Set the data down again, exactly as it reads, but without the pictures.

- _DATA BLOCK_:
• • • •

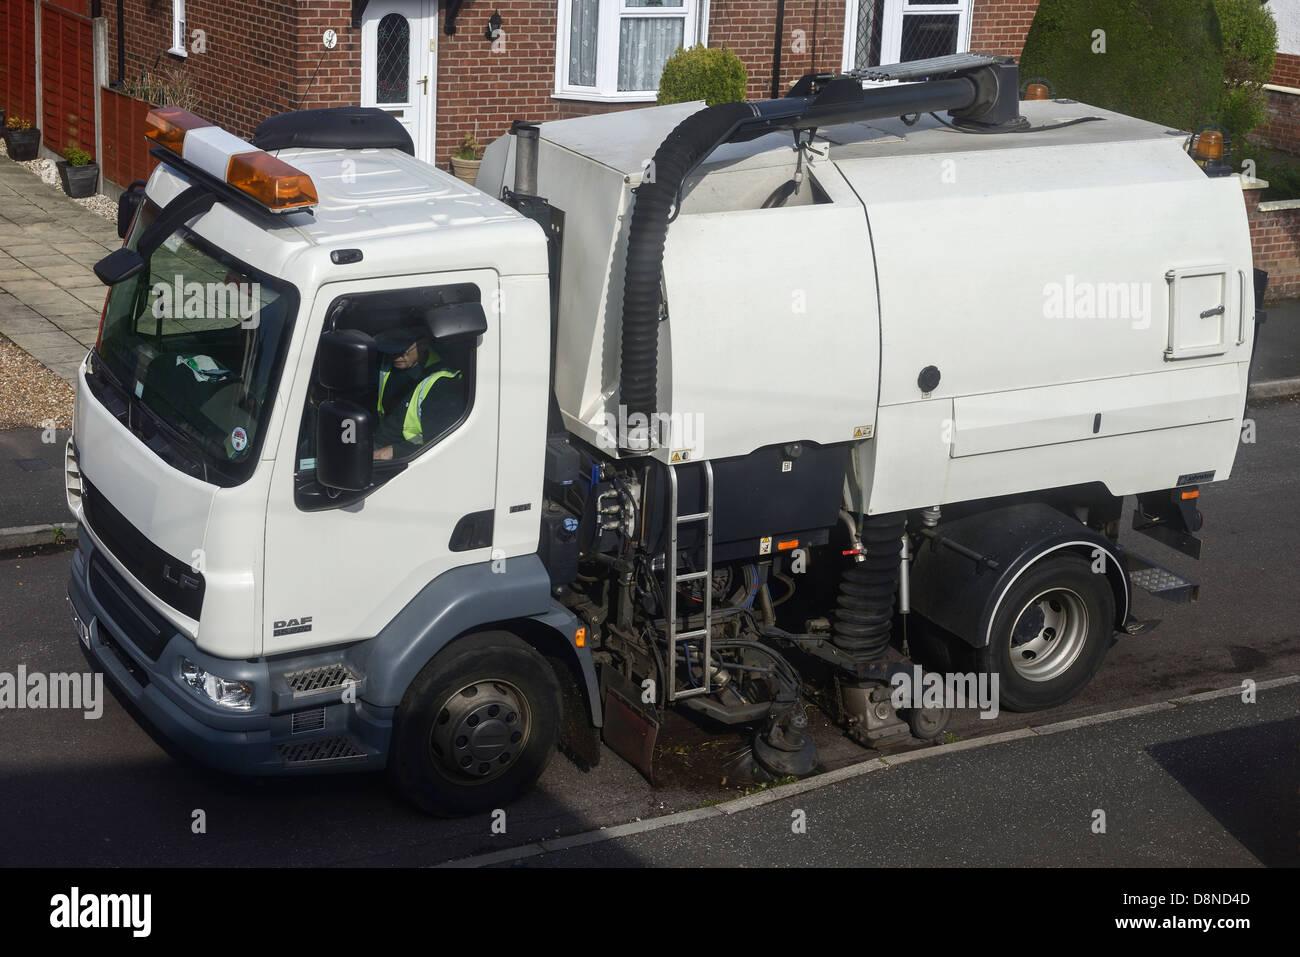 Carretera vehículo de barrido Imagen De Stock
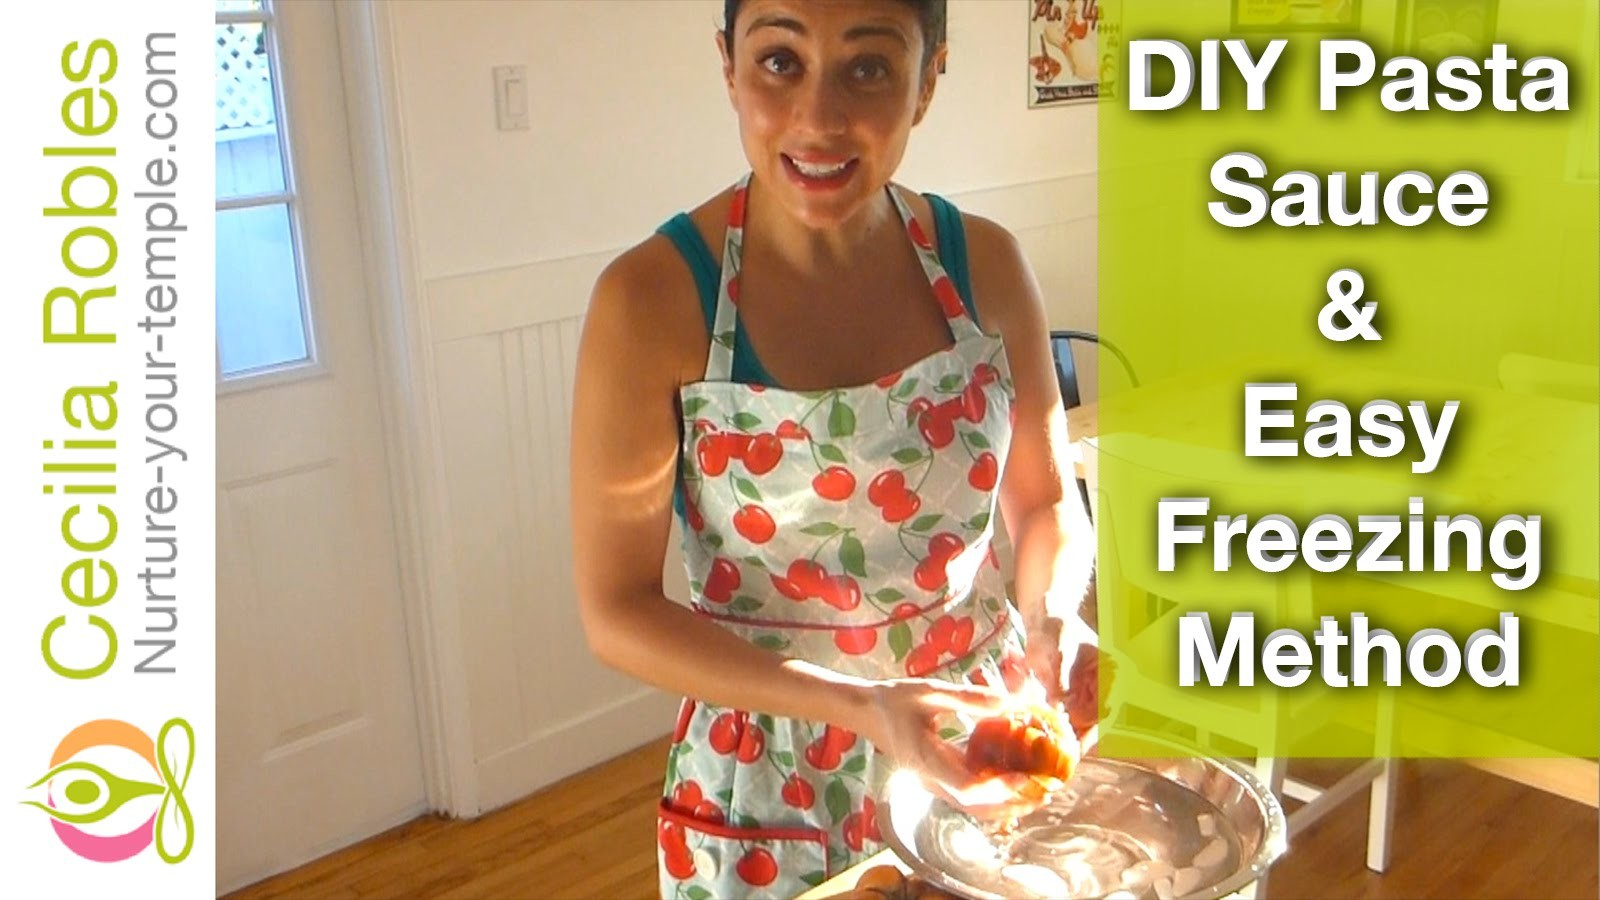 DIY Pasta Sauce & Funny Freezing Method
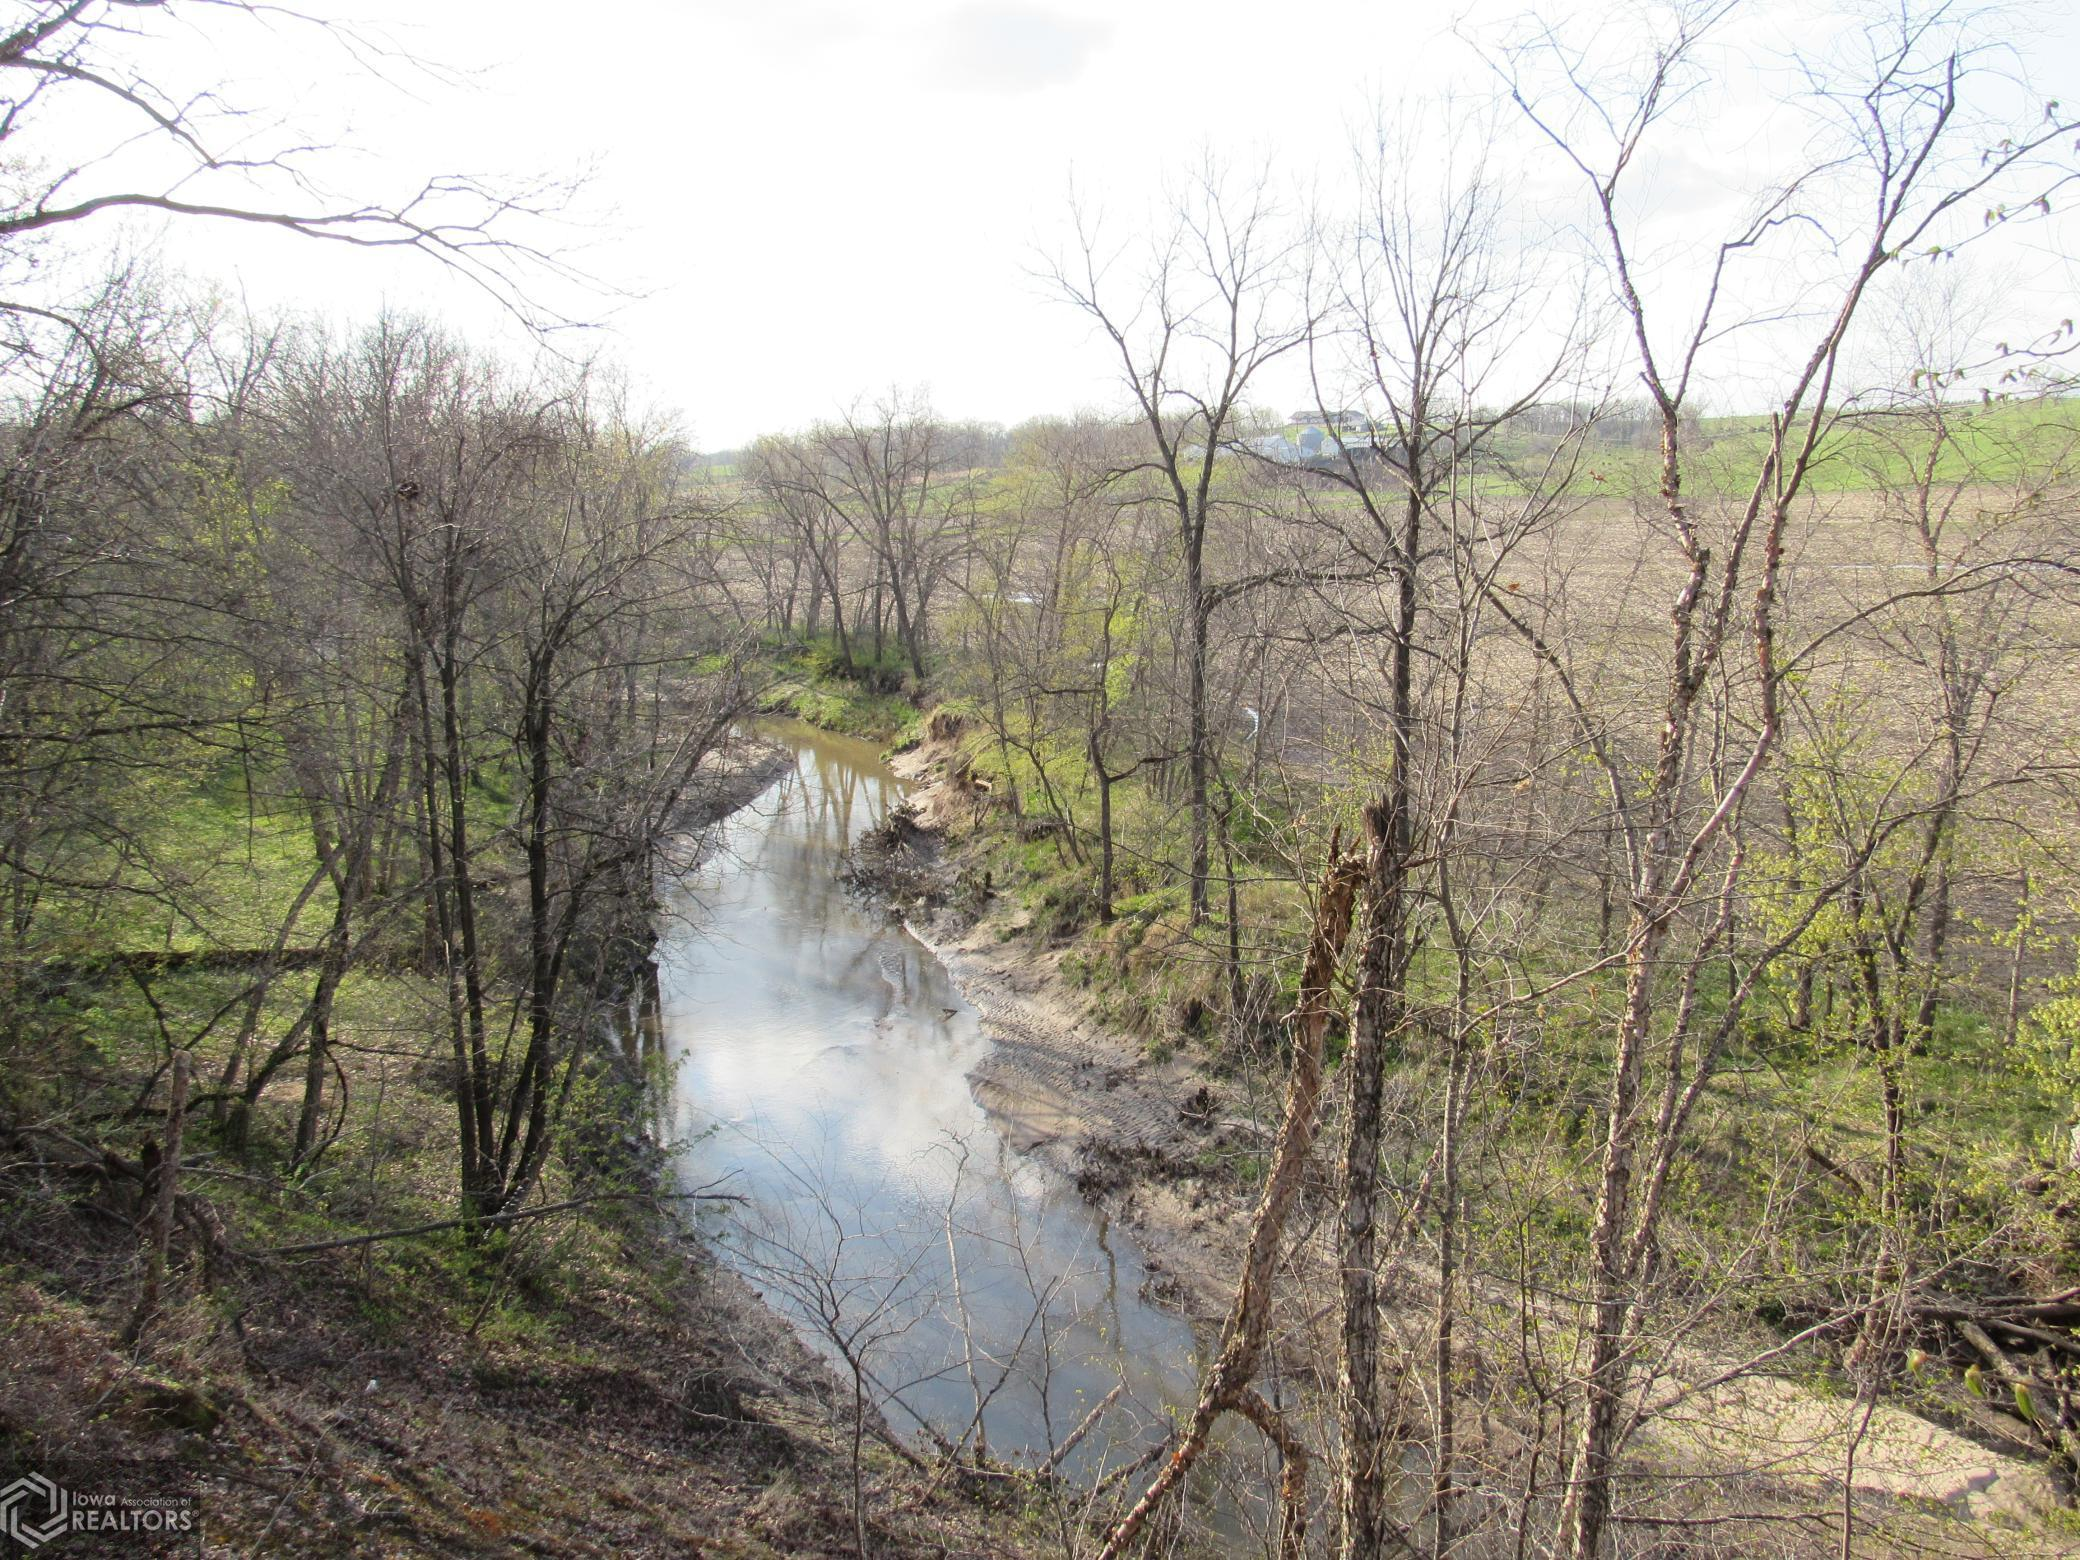 18575 Virga, Bloomfield, Iowa 52537, ,Farm,For Sale,Virga,5740825

• • • •

- _OUTPUT OF THE TASK_:
 Carretera vehículo de barrido Imagen De Stock
 DIY Pasta Sauce & Funny Freezing Method
 18575 Virga, Bloomfield, Iowa 52537, ,Farm,For Sale,Virga,5740825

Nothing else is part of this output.